## The problem
Print all of the data exactly, but drop the pictures.

## Data
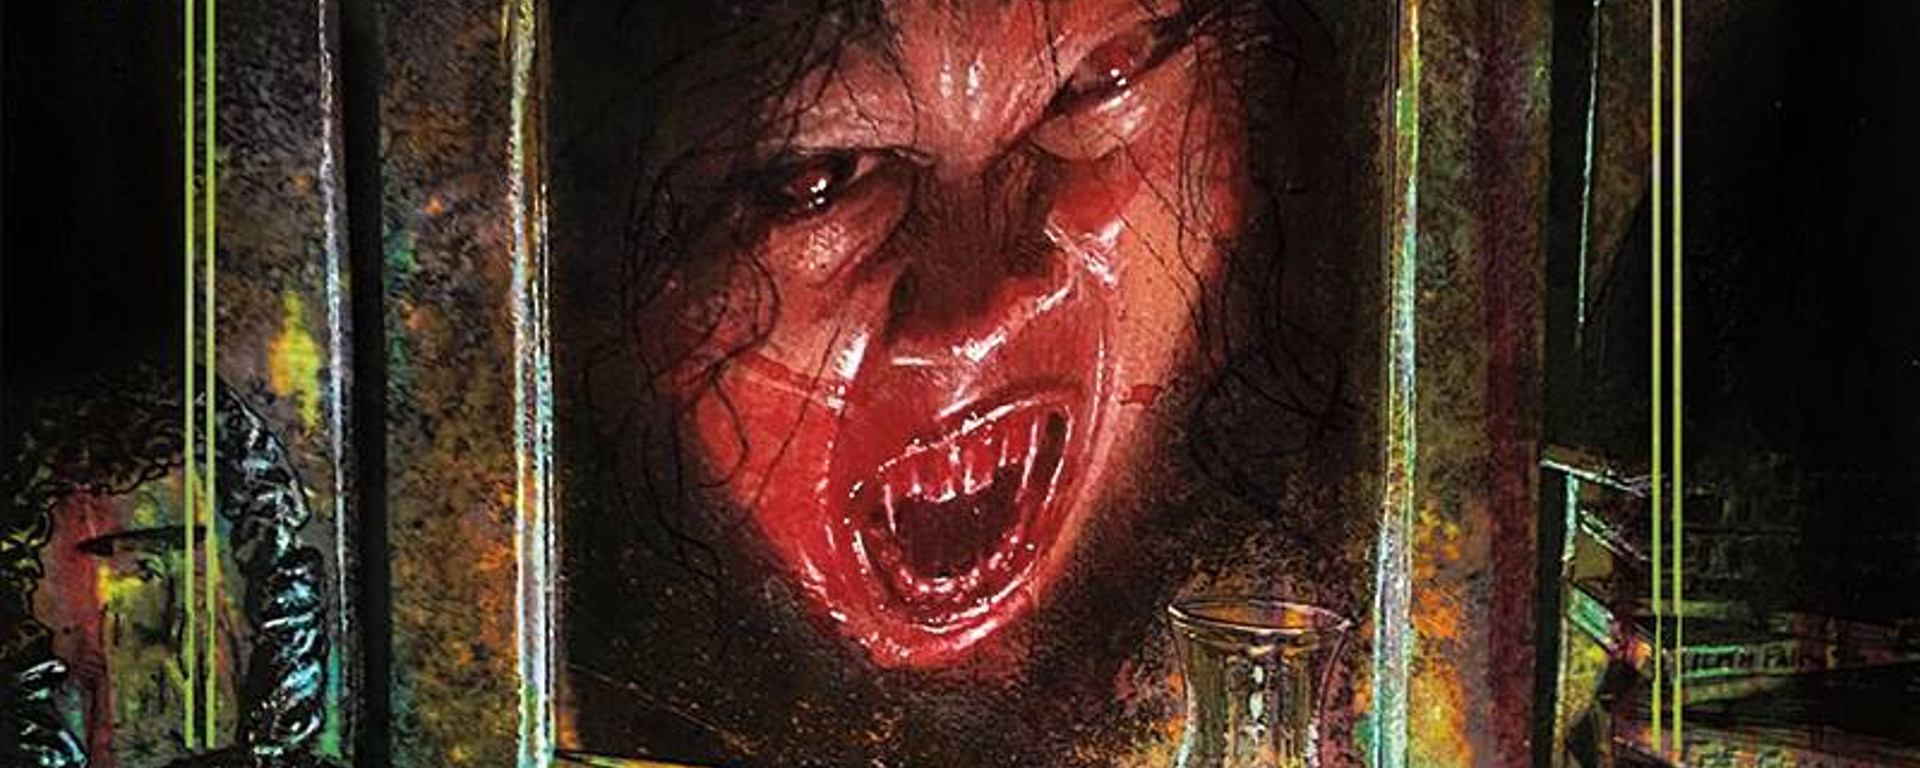 Vampire the Masquerade #6 Header
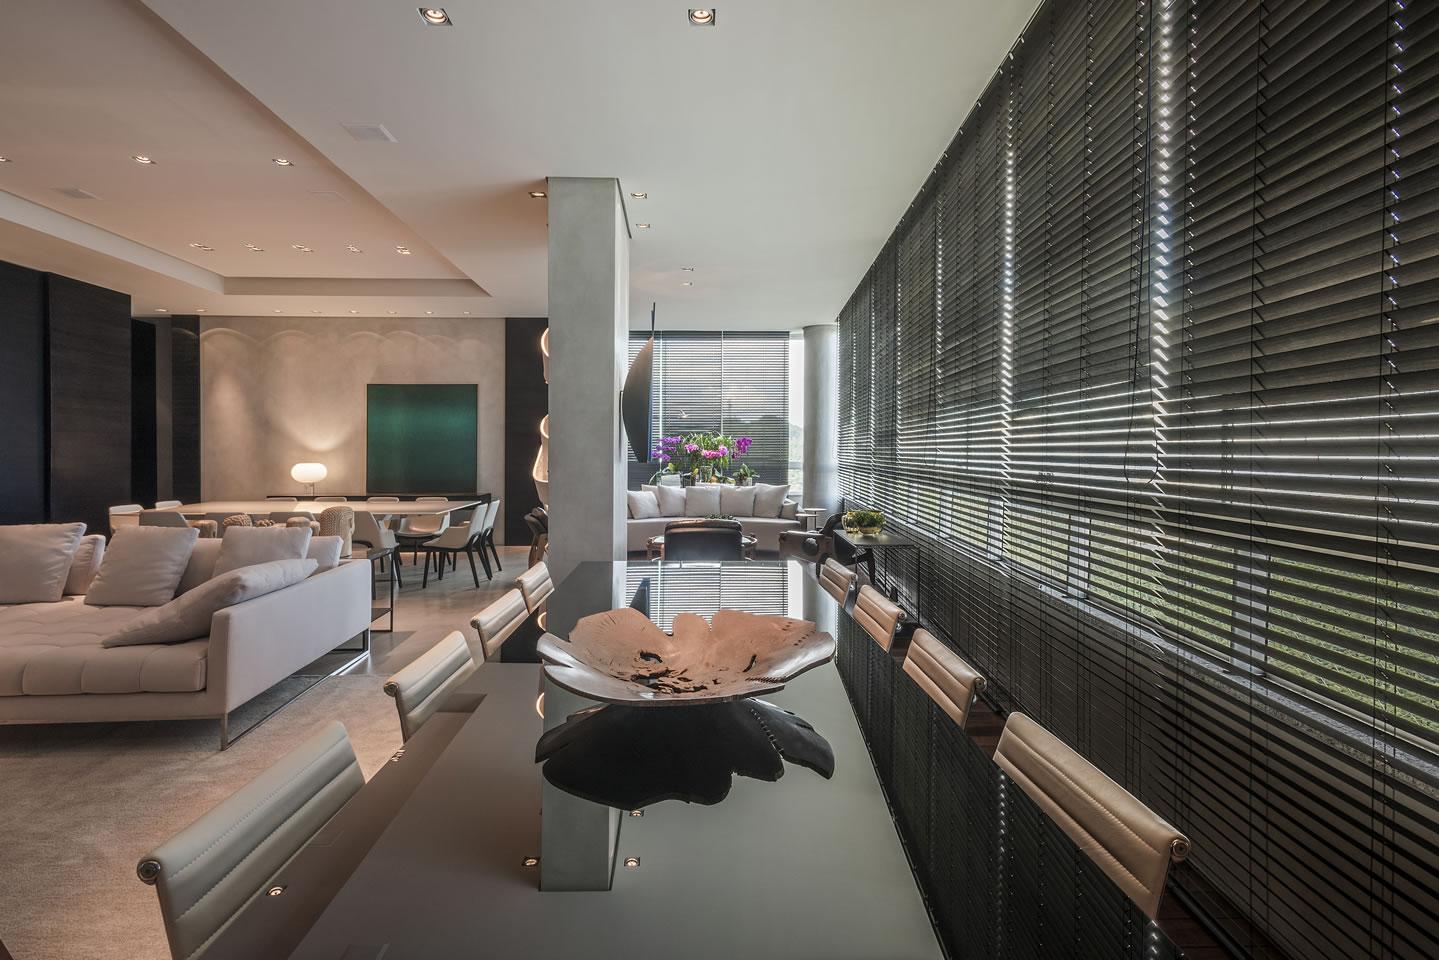 Marcia-Carvalhaes-Apartamento-KB-023
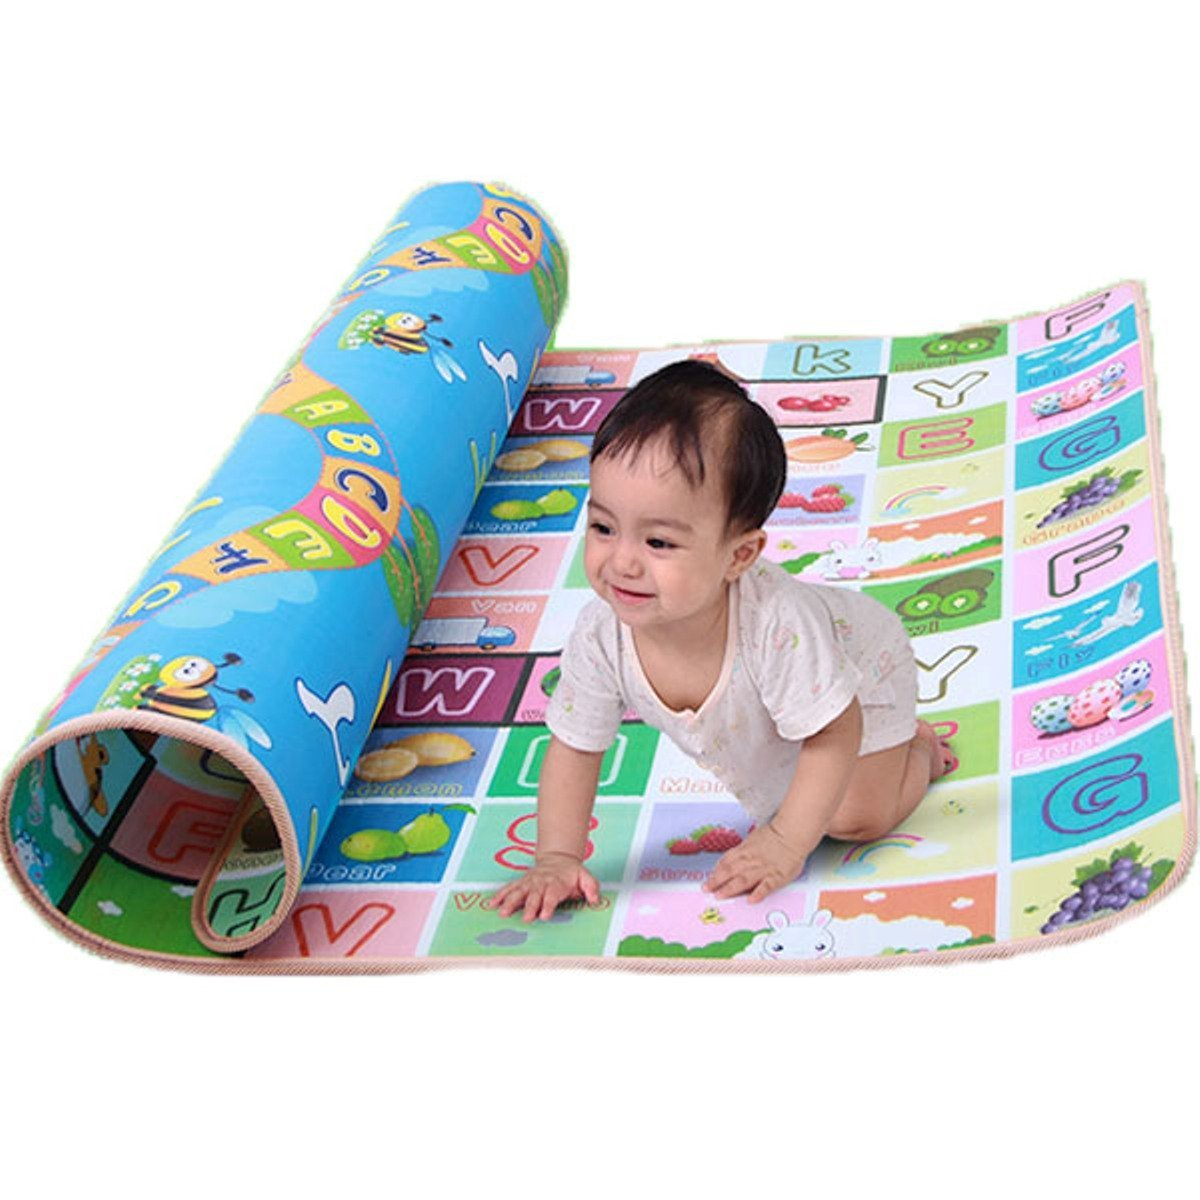 frozen nap sleeping bag item baby disney blue daycare mat kids blanket toddler itm description roll mats
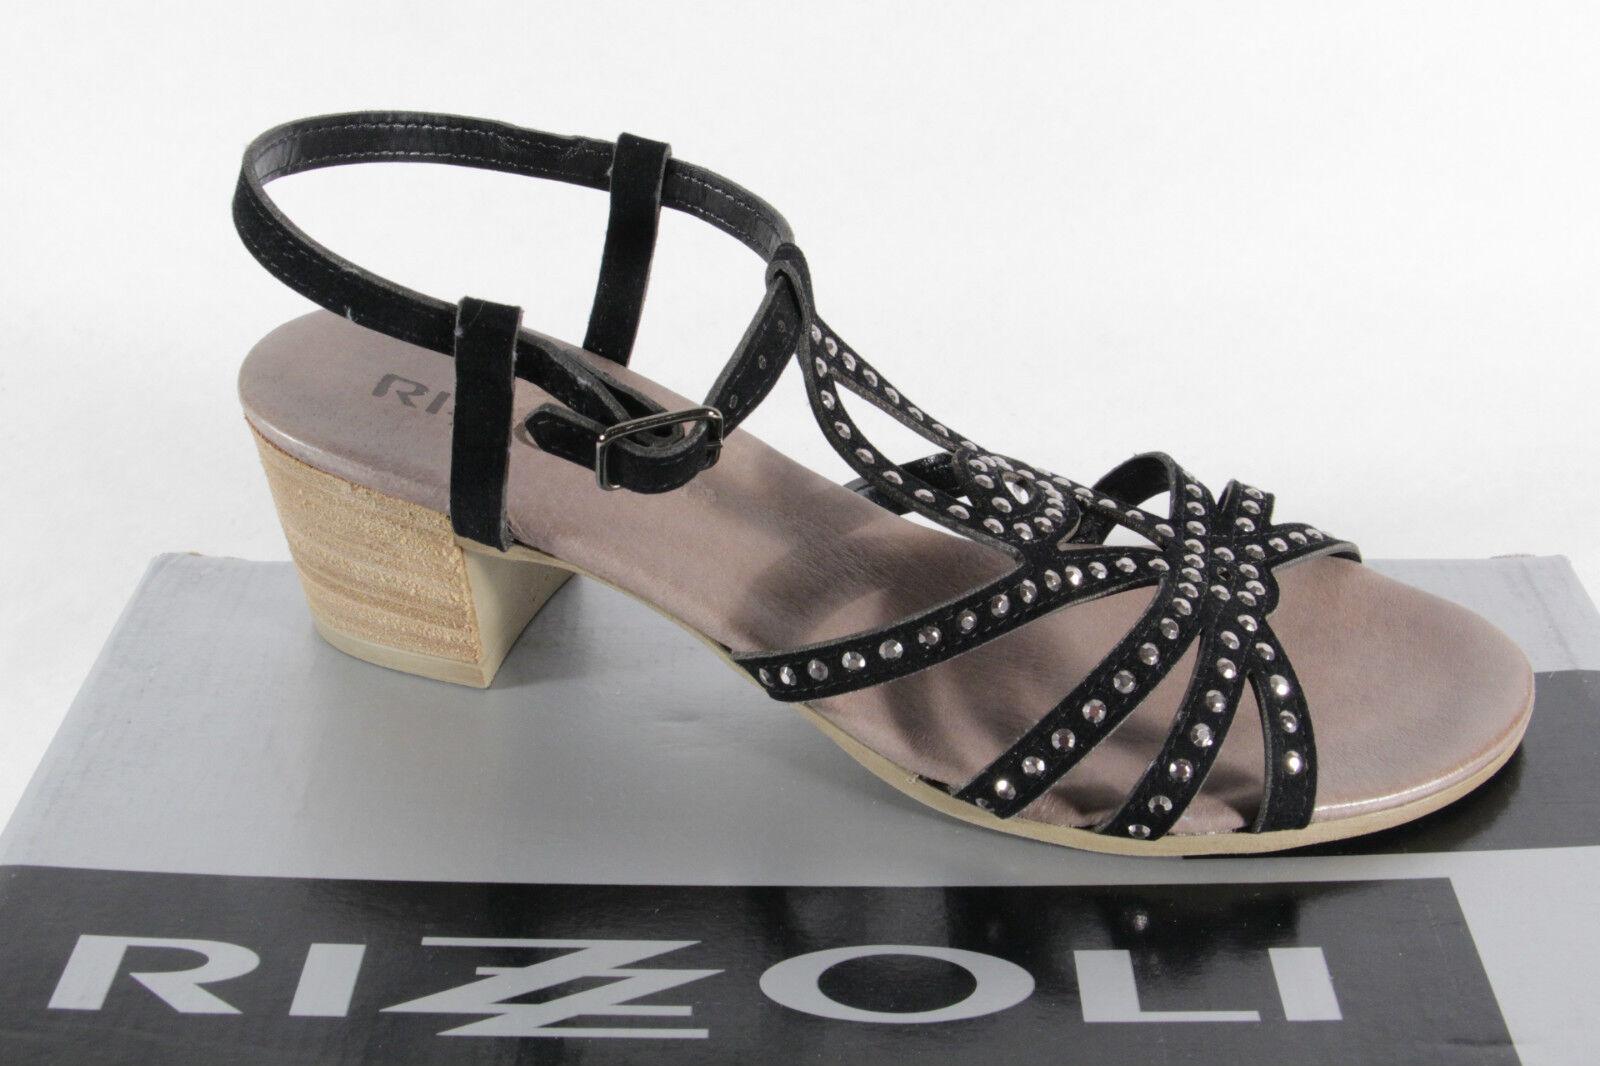 Rizzoli Damen Sandale schwarz, weiche Lederinnensohle, schmale Form NEU

## Expected answer
 Vampire the Masquerade #6 Header
 Marcia-Carvalhaes-Apartamento-KB-023
 frozen nap sleeping bag item baby disney blue daycare mat kids blanket toddler itm description roll mats
 Rizzoli Damen Sandale schwarz, weiche Lederinnensohle, schmale Form NEU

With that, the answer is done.